If you are uncertain if you are locked in a contract with your current website provider – contact them to ask. You may be as happy as can be right now, but it’s going to be to your benefit to understand the specific provisions of the contract and when your mandatory annual renewal date is. If you decide you want to review your happiness level with their service before your next renewal, you will now know when your window will be for doing so. Don’t be surprised if they stonewall you or take a while to reply to your requests for the contract. We’ve seen that happen especially when the renewal date is closing in.
If you are a hostage in an evergreen contract with an expiration date a long ways out – you do have options. We certainly can’t give legal advice, but as we mentioned above we’ve heard from shop owners who have been successful by sharing the contract with their state’s Attorney General’s office. If you have a lawyer friend, ask them to take a look at it.
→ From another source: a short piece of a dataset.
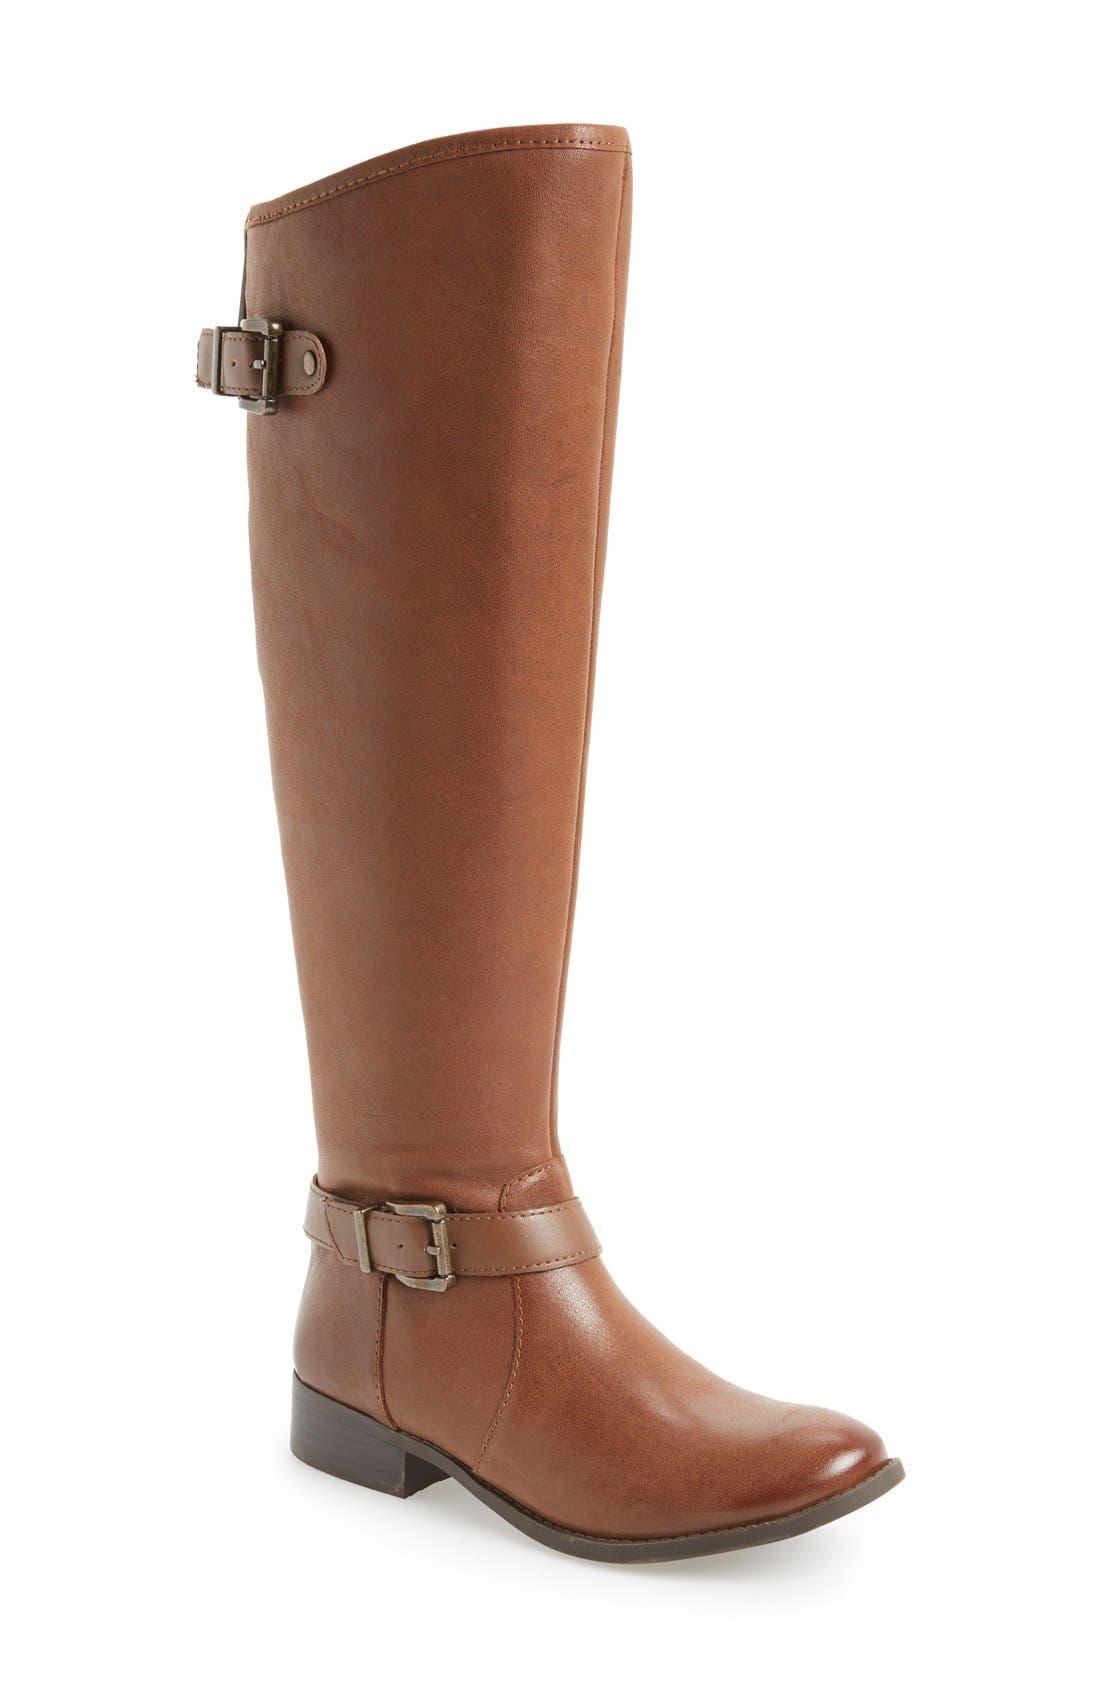 Main Image - Jessica Simpson 'Rinne' Riding Boot (Women)

Some states have laws against evergreen contracts in certain industries or require the provider to notify the customer when the contract is set for renewal. Some shop owners have just stood up against the bullying of the larger company and told them they were done and moved on without paying another cent. And remember, with things like Google Reviews, Yelp, the Better Business Bureau, Facebook, etc. you have a forum to voice your displeasure. By using those opportunities, you can build leverage to get the result you are looking for.
In the website business, it takes time for customers to become profitable. But we can’t imagine forcing unhappy customers to stay with us. It’s not good for business, and it’s certainly not good for employee morale. Just imagine what these companies’ customer “service” teams have to deal with each day. We bill in 90-day increments, and we don’t do long-term contracts. You can call to cancel anytime.
Stay safe – and be careful who you do business with!